The impious Deva-datta, a cousin and brother-in-law of the Buddha, suffers terrible punishment in Hell. His feet are sunk ankle-deep in burning marl. His head is incased with a red hot metal cap down to the lobe of the ears. Two large red-hot bars transfix him from back to front, two horizontally from right to left, and one impales him from head to foot. (Shway Yoe’s ‘Burman,’ i. 121.)

It should be mentioned in connexion with Rāja-gṛiha that Ajāta-ṡatru built a grand Stūpa there, over a portion of the Buddha’s ashes, soon after his cremation.

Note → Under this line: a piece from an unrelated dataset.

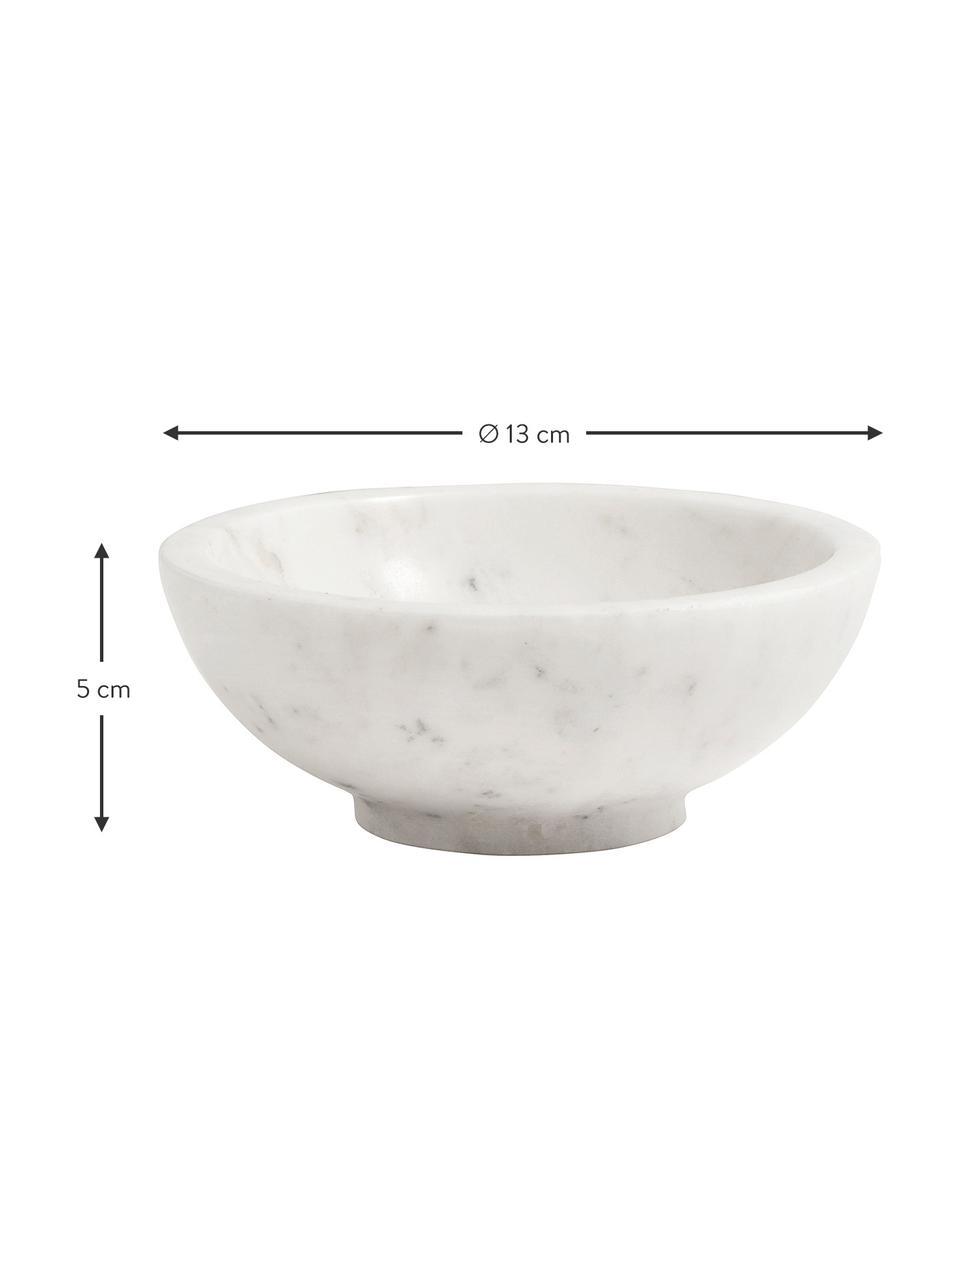 Miska z marmuru Lorka, Marmur, Biały, Ø 13 x W 5 cm
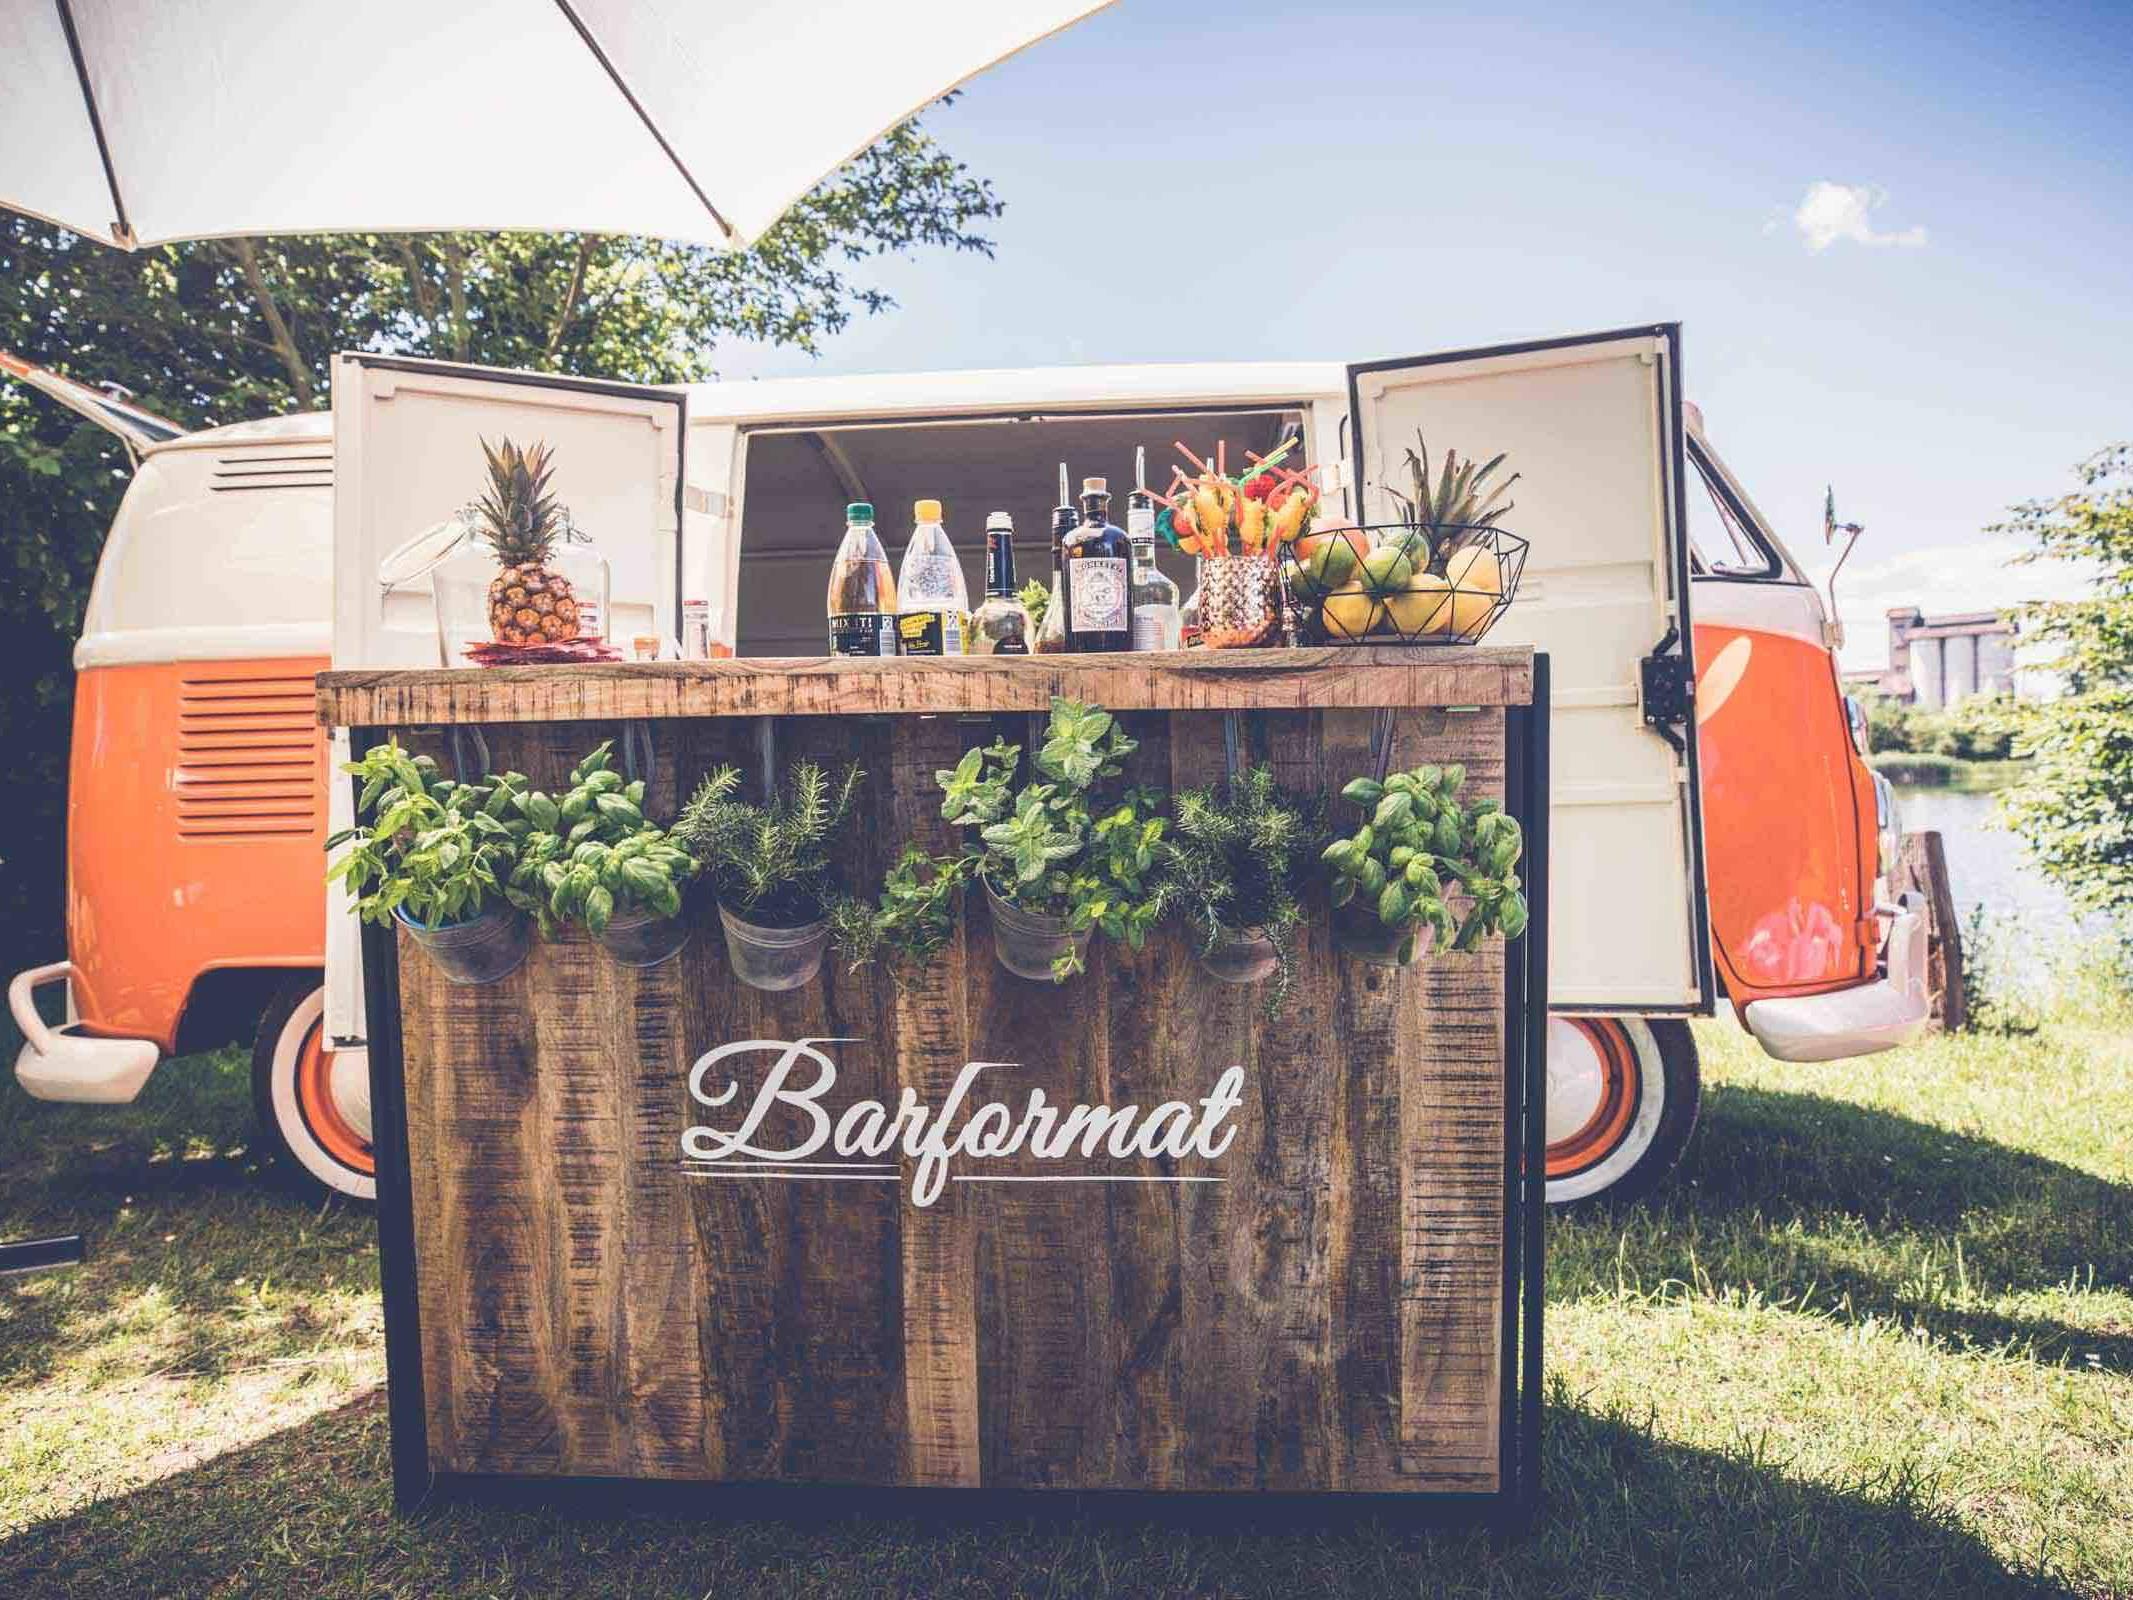 Mobile | Cocktailbar | Hamburg | Cocktailservice | Hochzeit | Sektempfang | Barkeeper | Buchen | Mieten | Geburtstag | Ape | VW | Bar | Getränke | Catering | Foodtruck | Weinbar | Ginbar | Sektbar | Kaffeebar

Another fact which enhances the interest of this place is the propinquity of the celebrated Satta-paṇṇi cave (p. 55), where the Buddhist brotherhood first assembled after their leader’s death.

_Ṡrāvastī._

Ṡrāvastī (Pāli, Sāvatthī), sometimes spelt Ṡrāvasti, has been identified by General Cunningham with a place now called Sāhet-Māhet, about fifty-eight miles north of Ajūdhyā in Oudh. The town is said to derive its name from the fact that it was built by a certain King Ṡrāvasta. Other native authorities derive it from a Ṛishi named Sāvattha, who is said to have resided there. It was certainly the ancient capital of Kosala (Oudh), and was ruled over by King Prasena-jit (Pāli, Pasenadi), who was Gautama’s contemporary. Moreover, it was the Buddha’s favourite place of retreat[205] during the rainy seasons (p. 48 of this volume), about half of his Vassas having been spent there[206] in the Jeta-vana monastery built for him by the wealthy merchant Anātha-piṇḍika (Anepidu), sometimes called Su-datta.

Doubtless on this account Ṡrāvastī was once much resorted to by the Buddha’s followers, and ultimately became an important seat of Buddhist learning.

The celebrated monastery, the ruins of which still exist, was erected in the garden (vana) of Prince Jeta, who parted with the land to Su-datta on condition that he would cover it with gold coins. This was done, till eighteen krores of coins had been spread out like a pavement on the ground. Both Fā-hien and Hiouen Thsang mention this incident, and the former states that the monastery was seven stories high[207]. The pavement of coins is represented in one of the sculptures belonging to the Stūpa of Bharhut (Cunningham, pp. 84-87), as well as on one of the pillars of Aṡoka’s railing at Buddha-Gayā.